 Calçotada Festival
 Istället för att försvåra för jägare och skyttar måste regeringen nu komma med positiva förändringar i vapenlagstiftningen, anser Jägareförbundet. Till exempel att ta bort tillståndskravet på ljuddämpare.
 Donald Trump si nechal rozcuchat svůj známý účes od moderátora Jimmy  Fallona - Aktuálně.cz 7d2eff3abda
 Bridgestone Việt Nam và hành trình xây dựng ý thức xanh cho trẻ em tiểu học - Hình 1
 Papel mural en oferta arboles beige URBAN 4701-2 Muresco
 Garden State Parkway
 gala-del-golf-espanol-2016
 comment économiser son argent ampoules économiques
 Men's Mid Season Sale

+-------+

▶ _The task_
Go through the listing and copy all of it exactly.

▶ _Output of the exercise_
 Calçotada Festival
 Istället för att försvåra för jägare och skyttar måste regeringen nu komma med positiva förändringar i vapenlagstiftningen, anser Jägareförbundet. Till exempel att ta bort tillståndskravet på ljuddämpare.
 Donald Trump si nechal rozcuchat svůj známý účes od moderátora Jimmy  Fallona - Aktuálně.cz 7d2eff3abda
 Bridgestone Việt Nam và hành trình xây dựng ý thức xanh cho trẻ em tiểu học - Hình 1
 Papel mural en oferta arboles beige URBAN 4701-2 Muresco
 Garden State Parkway
 gala-del-golf-espanol-2016
 comment économiser son argent ampoules économiques
 Men's Mid Season Sale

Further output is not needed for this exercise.